Alleyn told her his name and she managed to convey, with great delicacy, a suggestion of deference. “Mr. Alleyn. I didn’t know—I am so sorry. Of course I have read of your wonderful cases. I’m sure you will understand. It will be easy to explain to you, a relief, a great relief to me.” Her finger-tips brushed his sleeve. “There are more ways than one,” Alleyn thought, “of saying, ‘Dilly, dilly, dilly, come and be killed.’” But he did not answer Madame Lisse and in a moment she was launched. “I have been so terribly unhappy. You see, although I had decided I could no longer live with my husband, it wasn’t possible for either of us to leave Great Chipping. Of course it is a very large town, isn’t it? I hoped we would be able to avoid encounters but he has made it very difficult for me. You will understand what I mean. He is still devoted to me.”
She paused, gazing at him. The scene was beginning to develop in the best tradition of the French novel. If the situation had been less serious and she had been less beautiful, he might have found it more amusing, but he had a difficult job to do, and there are few men who are able to feel amusement at overwhelming beauty.

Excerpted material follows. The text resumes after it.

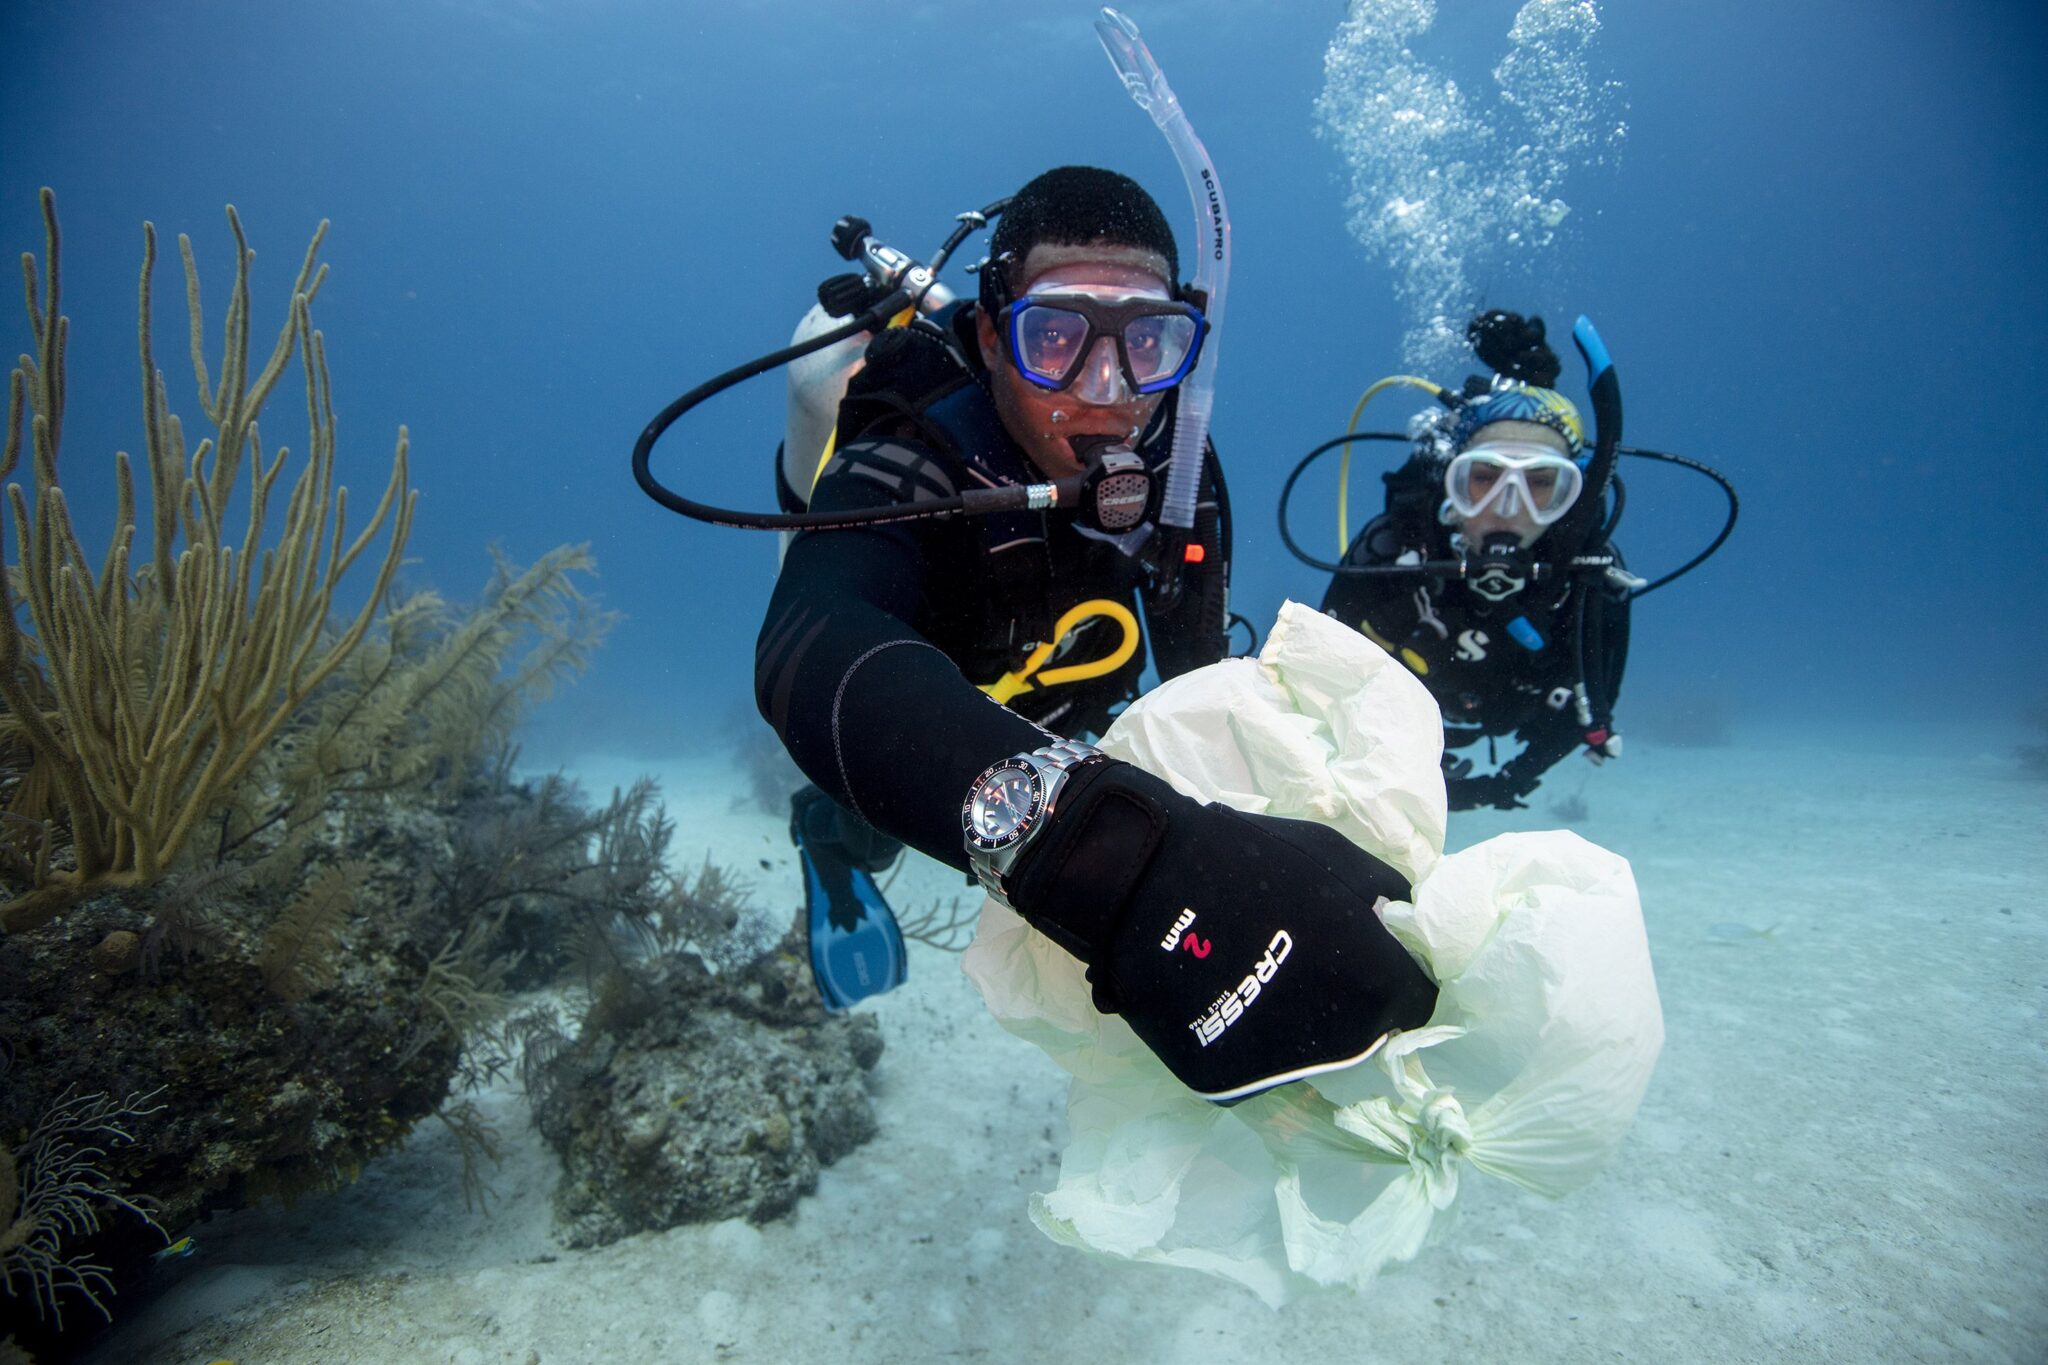 Two conservationists collecting trash underwater to help the ocean, which can be done to fundraise or break a world record
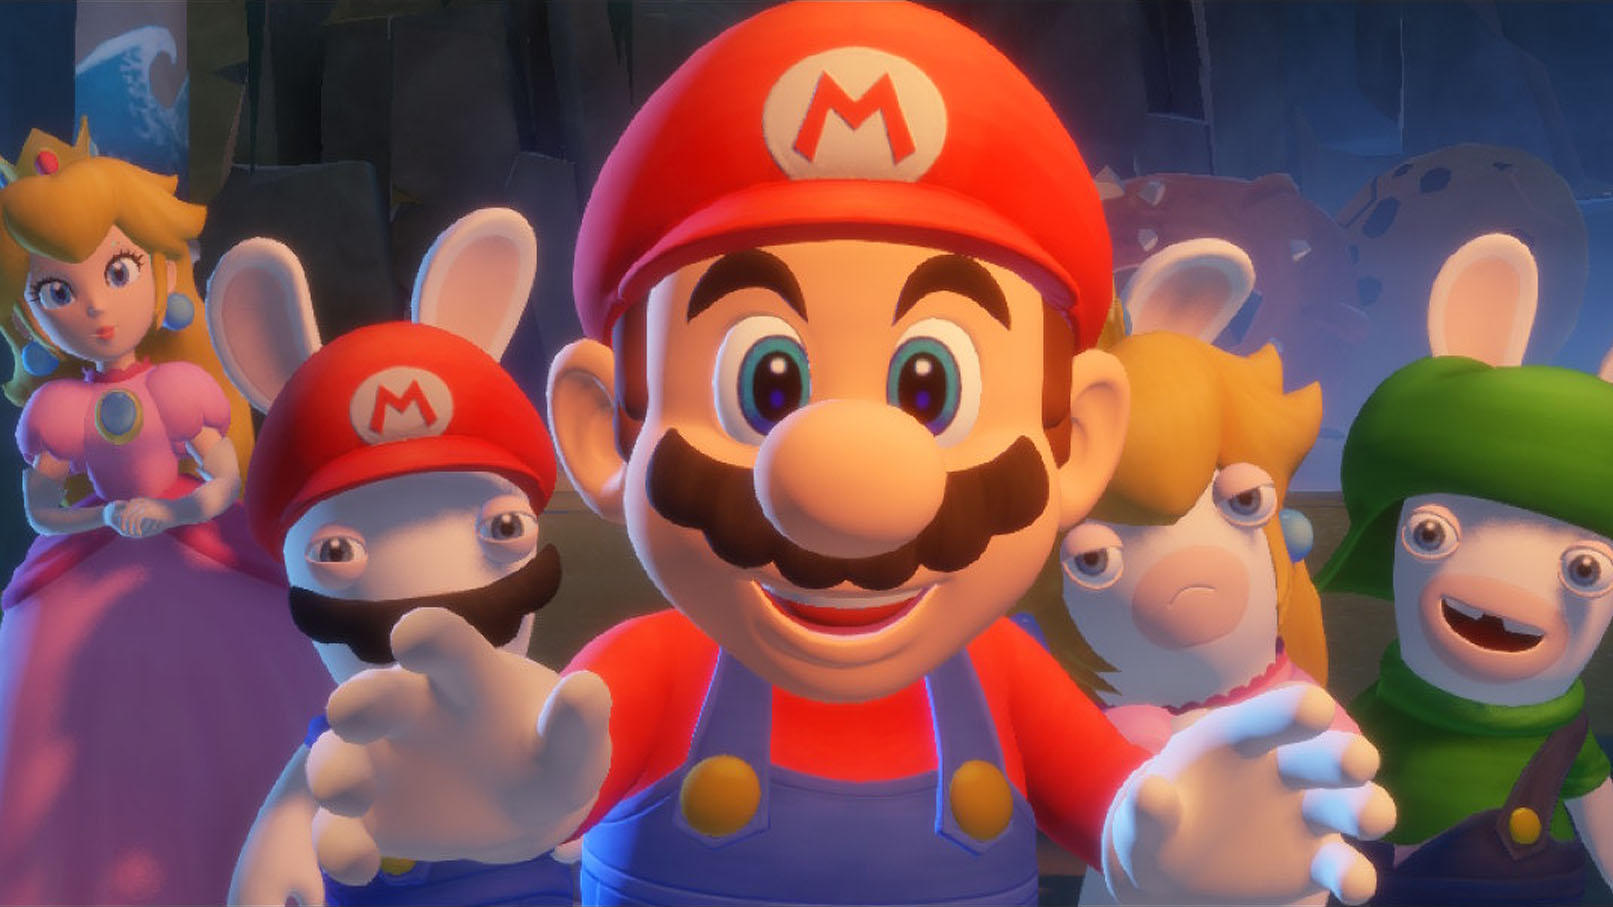 Mario + Rabbids Sparks of Hope: Mario and friends

“He has haunted me,” she was saying. “I refused to see him but he lay in wait for me. He is insane. I believe him to be insane. He rang me up and implored that I should allow him to drive me to Highfold. I consented, hoping to bring him to reason. But all the way here, he begged me to return to him. I said that it was impossible and immediately he began to rave against Mr. Nicholas Compline. Nicholas Compline and I have seen a good deal of each other and he, my husband, became madly jealous of our friendship. I am a lonely woman, Mr. Alleyn, and Mr. Compline has been a kind and chivalrous friend to me. You do believe me, don’t you?” said Madame Lisse.
Alleyn said: “Is it true that some time ago you gave a dinner party to which you invited your husband and Mr. Royal, who, by the way, did not know Dr. Hart was your husband?”
He saw her eyes turn to flint but she scarcely hesitated: “It was my one attempt,” she said, “to try and establish
friendly relations. I hoped that they would take pleasure in each other’s company.”
“By gum,” thought Alleyn, “you’ve got your nerve about you!”
“Madame,” he said, “I am going to ask you a very direct question. Who you think committed this murder?”
She clasped her hands over the arm of his chair. “I had hoped,” she whispered, “that I might be spared that question.”
“It is my duty to ask it,” said Alleyn solemnly.
“I must refuse to answer. How can I answer? I loved him once.”
By this remarkable statement Alleyn learned that if, as Mrs. Pouting considered, Dr. and Madame Hart were joint adventurers, the lady displayed a most characteristic readiness to betray her partner when the necessity arose.
“You will understand,” he said, “that I must question each member of the party about his or her movements on three occasions. The first is the occasion when Mr. Mandrake was thrown into the bathing-pool. Where were you at that time, Madame Lisse?”
“In bed, in my room.”
“Was anybody else in your room?”
“I believe a maid came in with my breakfast. I remember it was a very little while after she left the room that I heard voices on the terrace beneath my window and not long after that, I was told of the accident.”